In the end, there are no answers, and what answers could there be? What if tomorrow, Farquharson confessed it all from his cell? Or was operated on for a brain tumour and discovered to have undiagnosed propensity to seizure and small blackout? What if an angel appeared in the skies and told us that the record of his soul told us he was innocent? Nothing can undo the event at the heart of the book, and on the surface, that is one thing that the book — utterly compelling, arresting in a way that takes it far beyond the guilty, charged voyeurism of most true crime reading — is dealing with. In a manner that Garner has done in Cosmo Cosmolino and The Spare Room, a central dilemma is being staged — that of boomers whose transition to adulthood exactly matched the cultural revolution of the 1960s and ’70s, and who have come out the other side of it with a failed humanism and an unassuaged search for Meaning. Ostensibly, it is about evil, what it might be, whether Farquharson was possessed of it.

Through the whole story, centred around the first trial and the court itself — the house of grief — Garner holds onto a belief in the possibility of Farquharson’s innocence long after most of the people around her, which functions as the book’s drag line. Every moment is shot through with redemption and the hope for it and much of the action has more in common with Christian mediaeval allegory than anything resembling drama. Garner and a precocious 16-year-old daughter of a friend accompanying her take coffee at the van outside the court, and during this communion the spirits come — lawyers mainly, people she knew in Carlton when they were ratbags, now respectable, prospering or declining, with the practice, the McMansion and the house in Lorne, or going out backwards, smoking themselves to a heart attack.

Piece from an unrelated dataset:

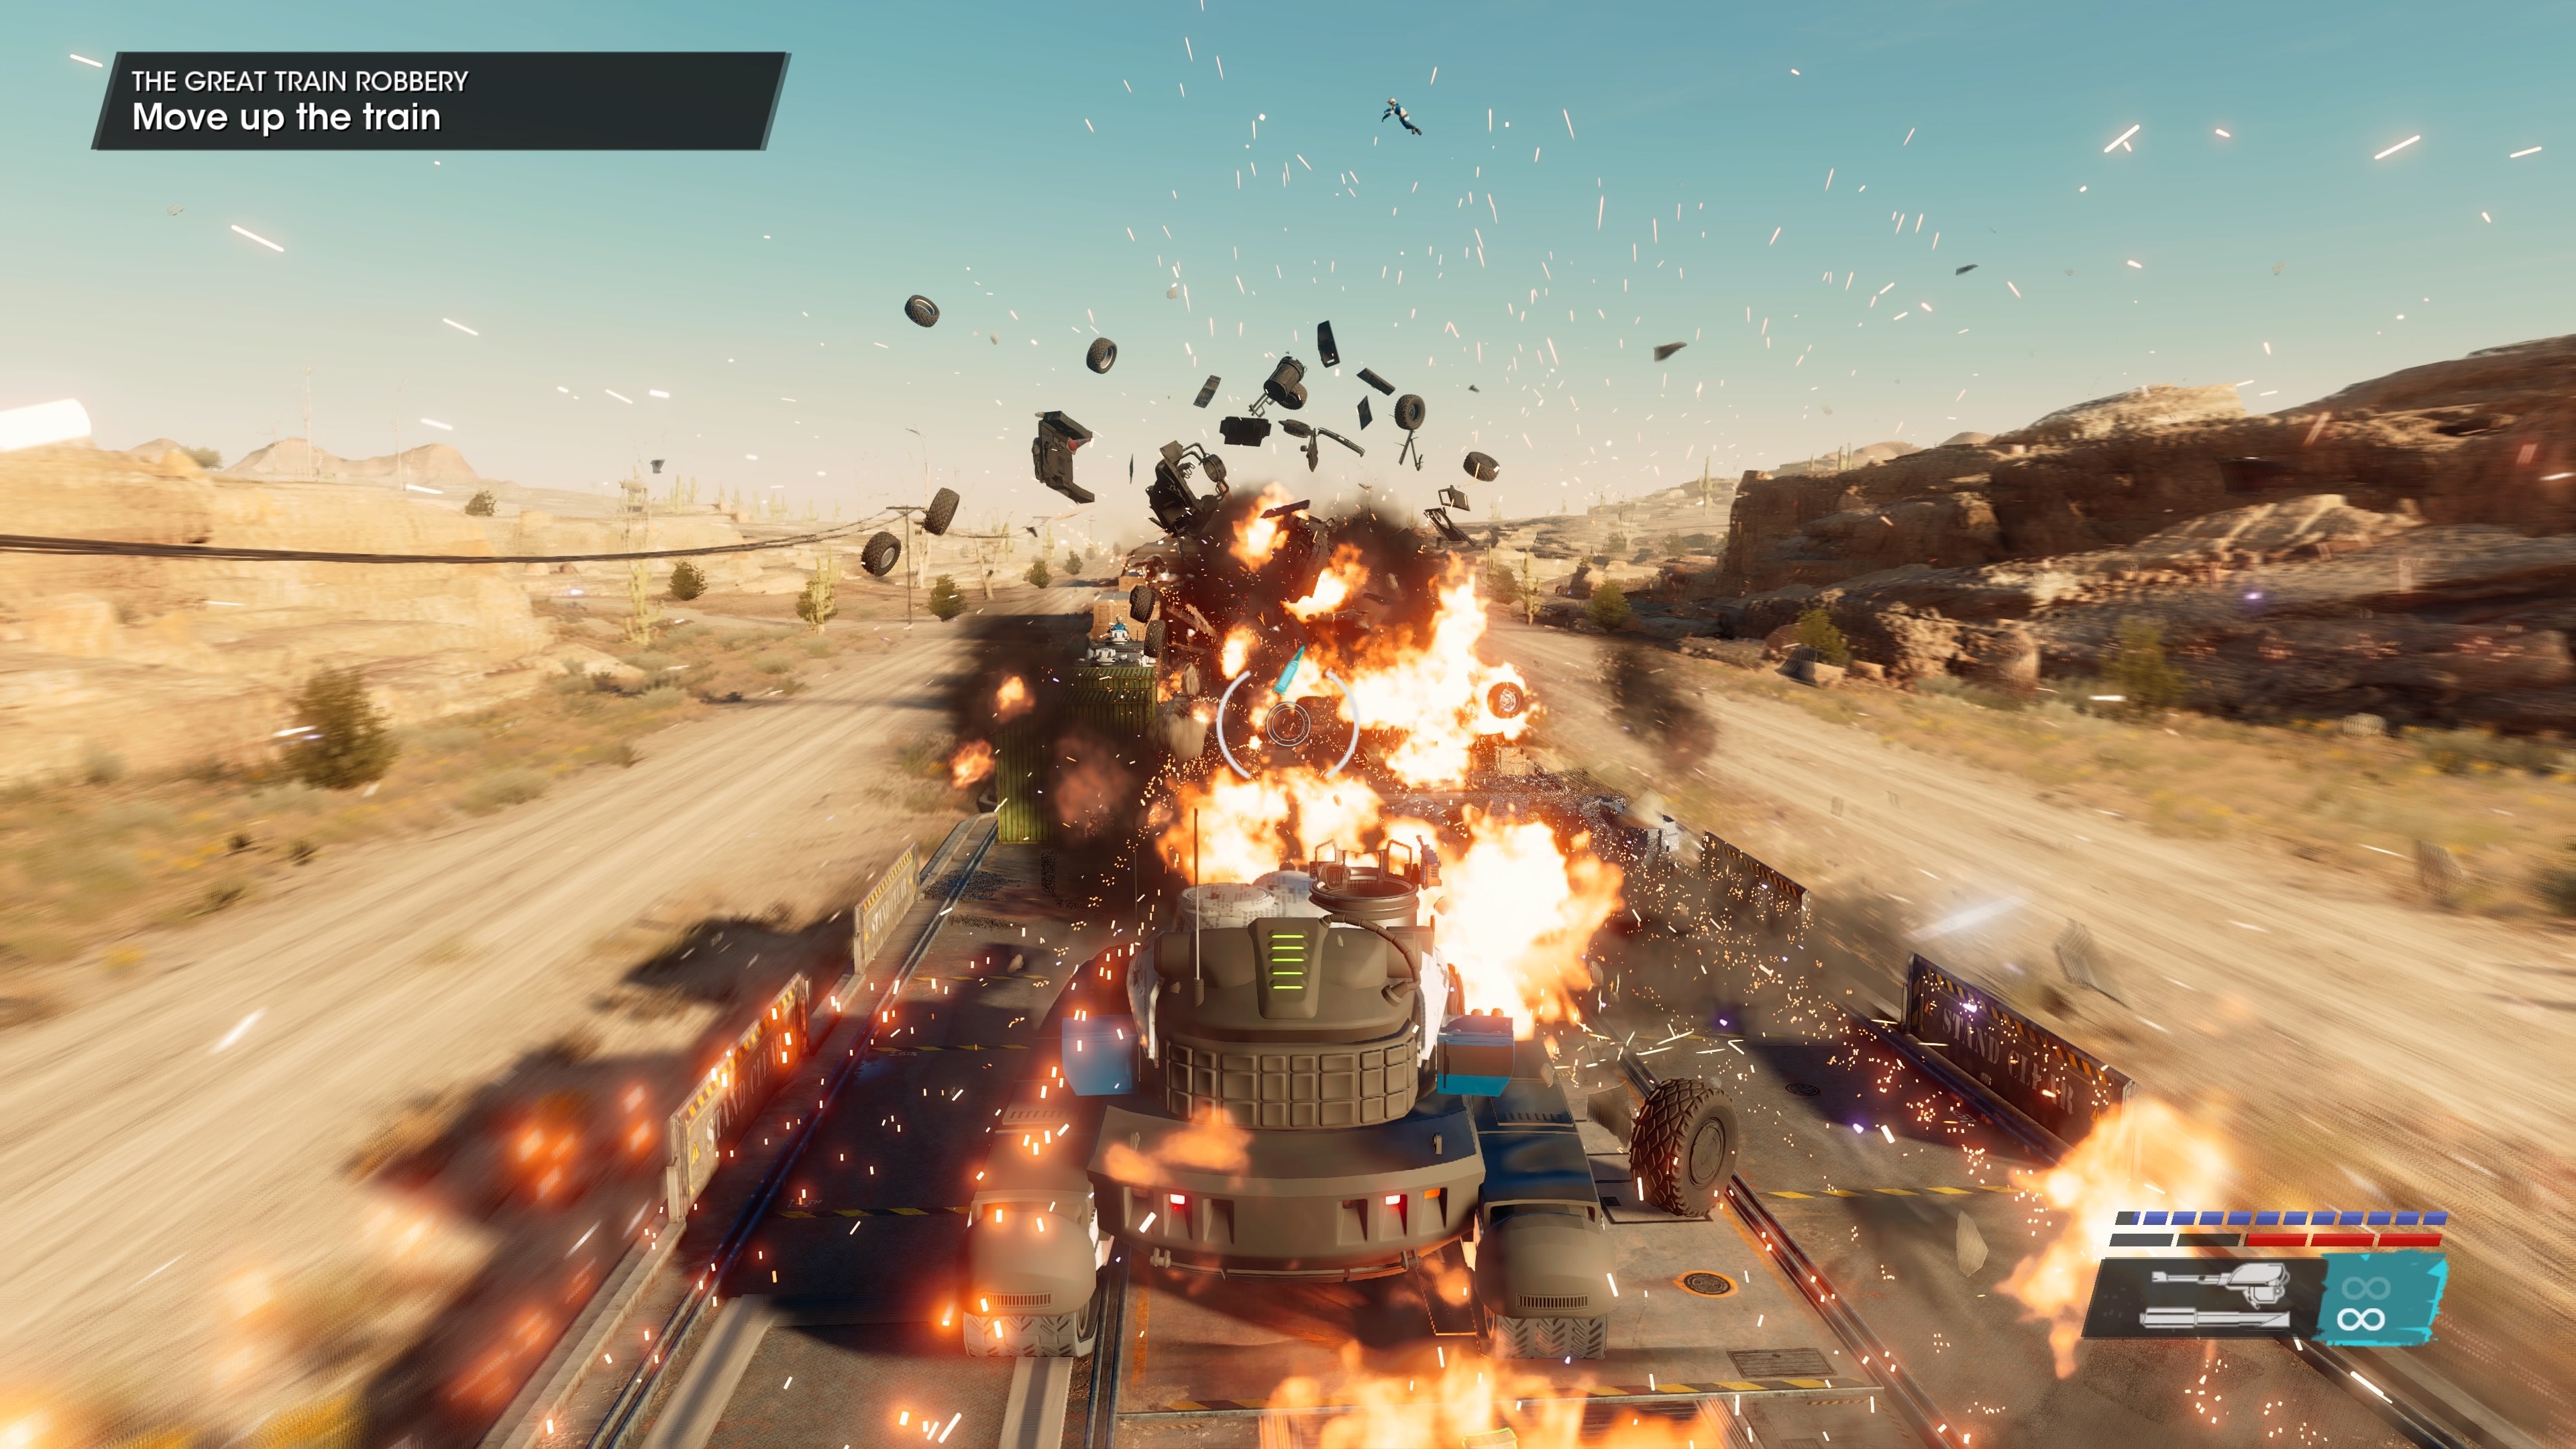 Saints Row review - a massive and impressive explosion of traffic on a desert road

They offer temptations: insights into the fact that the law is not a place where an accounting of events will happen, not because it is corrupt or imperfect, but it is not that sort of thing at all, that much of what Garner is coming to this trial for is a sort of category error about what’s going on.

Her companion is the affectless millennial voice, deprived or undburdened of a boomer’s transitional desires for depth, depth of any sort, in life, observing that Farquharson seems simply guilty from the start, his defence flimsy and desperate. Farquharson’s sisters drift in and out, not so much convinced of his innocence as simply assuming it because of siding with him. They’re happy with a defence cross-examination that Garner feels achieved little because “our expert said the other guy was wrong”.